Jerry Springer: Ringmaster (1998) Jerry Springer, Jaime Pressly, William McNamara, Molly Hagan, Wendy Raquel Robinson, Michael Jai White, Michael Dudikoff, Tangie Ambrose, Nicki Micheaux, Rebecca Broussard, Dawn Maxey, Ashley Holbrook, John Capodice. Written by John Bernstein. Directed by Neil Abramson. Rated R, 2 stars (out of five stars)
Review by Ed Johnson-Ott, NUVO Newsweekly www.nuvo-online.com Archive reviews at http://us.imdb.com/M/reviews_by?Edward+Johnson-ott To receive reviews by e-mail at no charge, send subscription requests to pbbp24a@prodigy.com
The best thing I can say about "Jerry Springer: Ringmaster" is this: It's not as bad as it sounds. Thankfully, the story spends relatively little time with the slimy Mr. Springer, focusing instead on the comically lurid stories of two groups of people who end up as guests on his daytime trash- talk show. Unfortunately, Springer is the star of the movie, so viewers are subjected to shots of a shirtless Jerry flexing his (ahem) muscles in front of a mirror, Jerry having sex (under the covers, thank God), Jerry half-singing a country tune in a honky-tonk bar, and Jerry delivering one of the most phony, self-serving speeches in the history of B-movies.
While making the rounds promoting his show, his book and this film, Springer's defensive strategy has been to beat potentially hostile journalists to the punch. "Of course I have no talent," he says with a hapless puppy-dog smile. He freely admits that his show is nothing but a circus, telling an Entertainment Weekly reporter "Look, if I'm Satan, then we're all okay - - because then Satan ain't that bad."
Springer isn't Satan. He's just another sorry huckster, shamelessly exploiting poor, undereducated people. It's easy to sneer at Springer's guests, but who is worse; those willing to sacrifice their privacy and dignity in exchange for a free trip to the big city and a few minutes in front of a camera or the guy who pays for their tickets?
People who watch Springer regularly will be happy to hear that the movie captures the bizarro spirit of his "Too Hot For TV" videos, with fightin', cussin' and bare breasts galore, plus a few sex scenes to boot. Those dragged to the movie will be relieved to know that it's surprisingly entertaining on a "guilty pleasure" level.
"Ringmaster" takes a farcical look at two dysfunctional couples and their friends. Connie (Molly Hagan) works in a Florida donut shop. She suspects that while she's away, her current husband Rusty (Michael Dudikoff) and her 19 year old daughter Angel (Jaime Pressly) are having an affair. She's right. When not boinking her naïve, dim-witted fiancée, Willie (Ashley Holbrook), and the male guests of the motel where she works as a maid, Angel indeed is sleeping with her stepdaddy. When Connie catches Rusty and Angel, she does what any self-respecting mother would do: she seduces Willie to get even, hollers at her husband and daughter, then snags a booking for the whole group on Jerry's show.

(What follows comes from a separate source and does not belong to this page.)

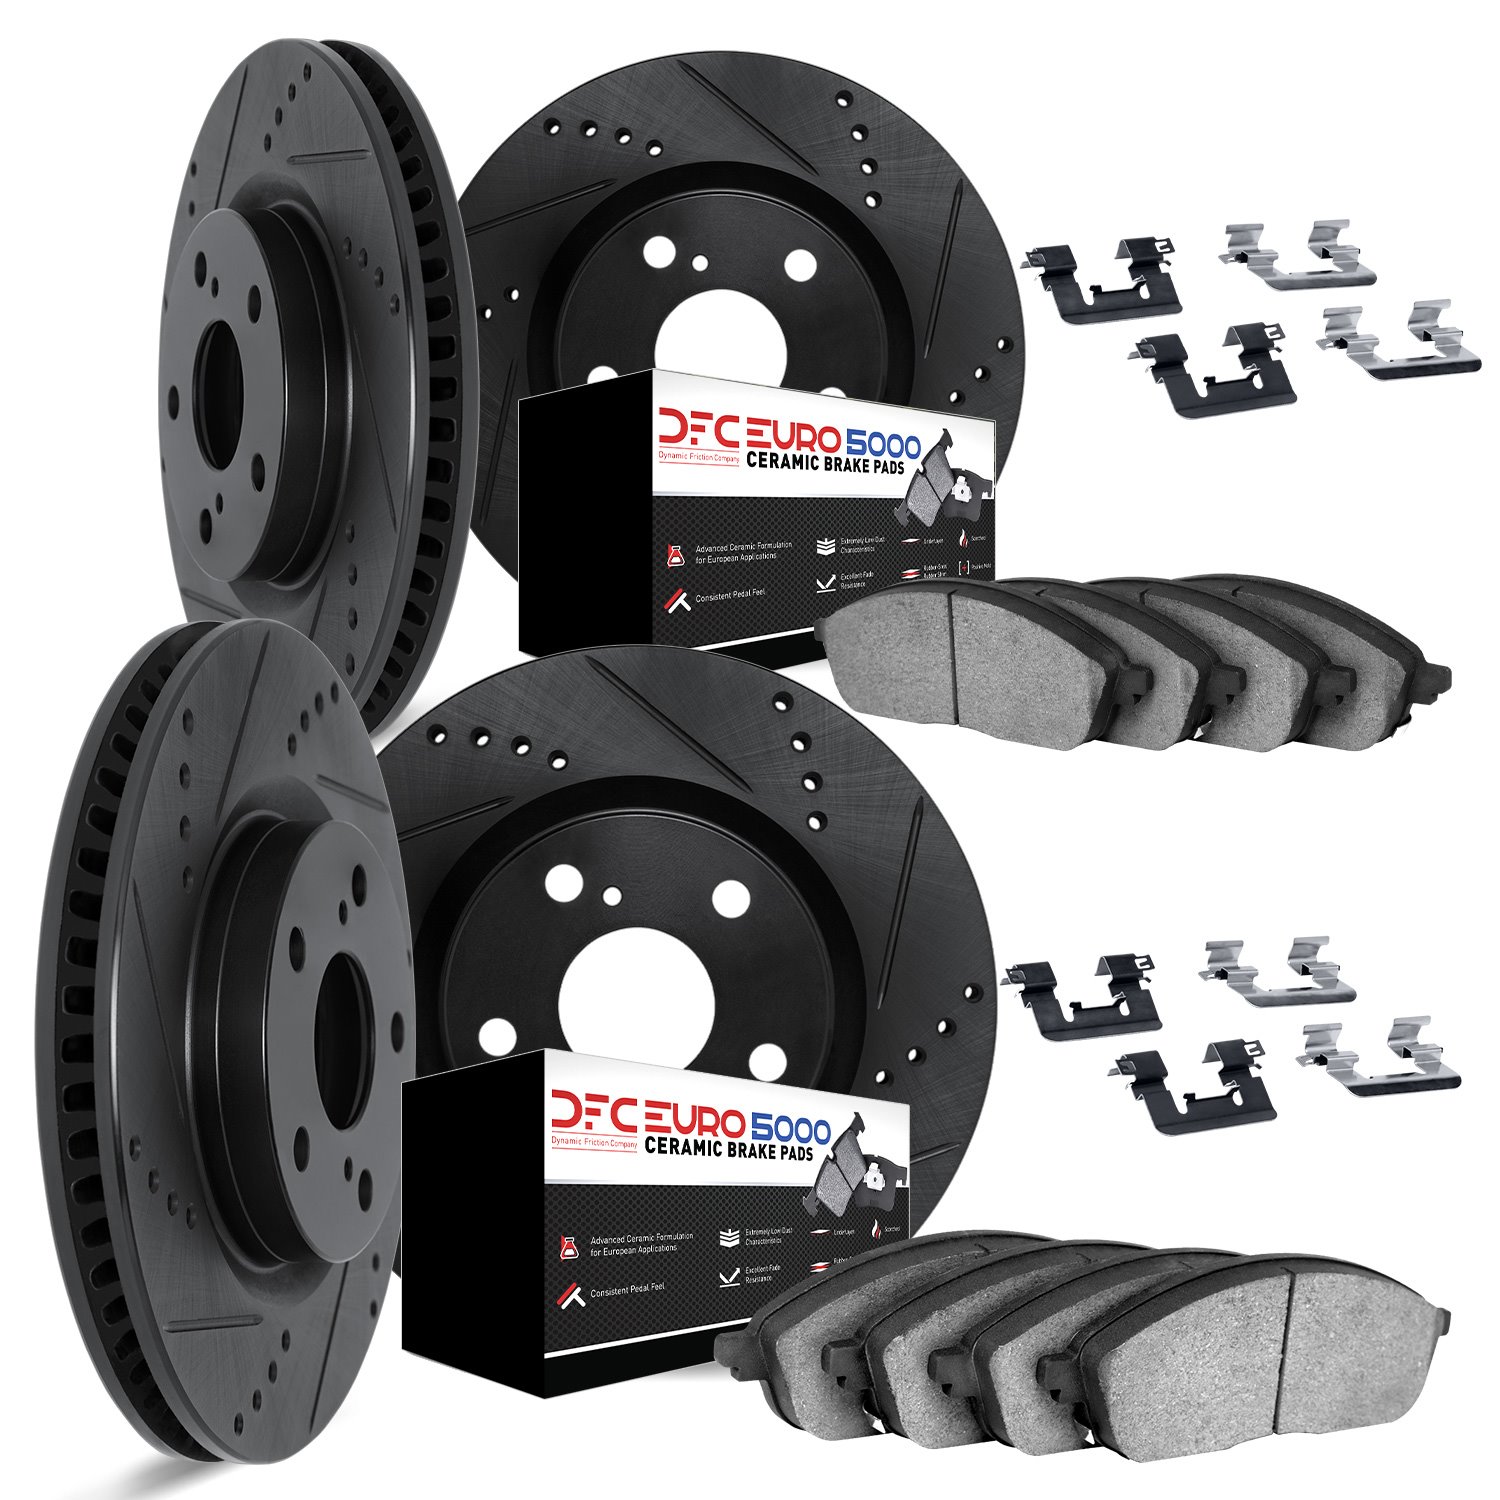 8614-67004 Drilled/Slotted Brake Rotors w/5000 Euro Ceramic Brake Pads Kit & Hardware [Black], Fits Select Multiple Makes/Models
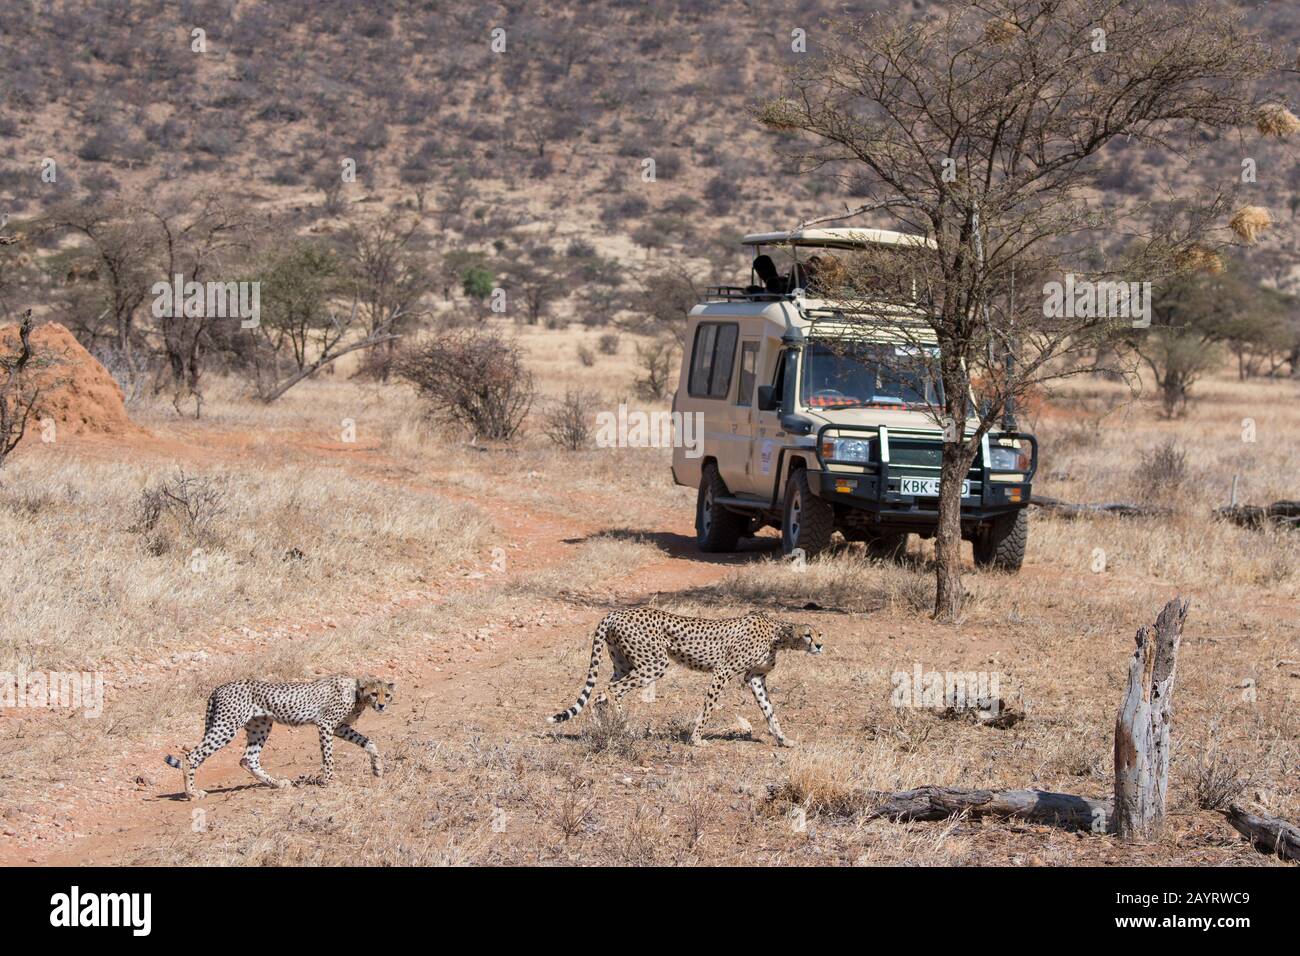 CheetahS (Acinonyx jubatus) with a safari vehicle in the background in the Samburu National Reserve in Kenya. Stock Photo

Meanwhile, Starletta (Wendy Raquel Robinson) is livid. Her boyfriend Demond (Michael Jai White) is having an affair with her best friend, Vonda (Tangie Ambrose), not long after she caught him with Leshawnette (Nicki Micheaux), another gal-pal. Again, using that special wisdom that comes only to people who believe professional wrestling is real, she decides the best way to handle the situation is to go on Jerry's show and confront the wrongdoers on national television.
Once in L.A. for the show, all the characters meet up in a hotel the night prior to taping, with predictably lusty and combative results. The next day, they go to the studio for their fateful encounter with the geekmaster and all hell breaks loose, even before the inevitable on-air fistfights.
It's all plays like a sprawling, unusually spirited episode of "Three's Company," except these people actually get laid. While most of the cast are just strident stereotypes, a few manage to humanize their characters, with Molly Hagan a stand-out as competitive mother Connie. She invests the character with a survivor quality that makes her manic behavior almost understandable.
The most annoying moment in the film comes when an audience member verbally attacks the guests for degrading themselves and Springer jumps to their defense, making an impassioned, pathetic speech about the show being a forum for the "little people," allowing them the same moment in the sun that rich celebrities enjoy everyday. His righteous tirade is so irritating that it made me wish I could slip past his bodyguards and take a poke at the pompous ass myself.
Don't pay to see "Ringmaster." Sure, it has more than its share of fun moments, but wait until the movie hits cable, because every ticket you buy puts a little more money in the pants' pocket of Jerry Springer. And you really don't want anything of yours to end up in Jerry Springer's pants, do you?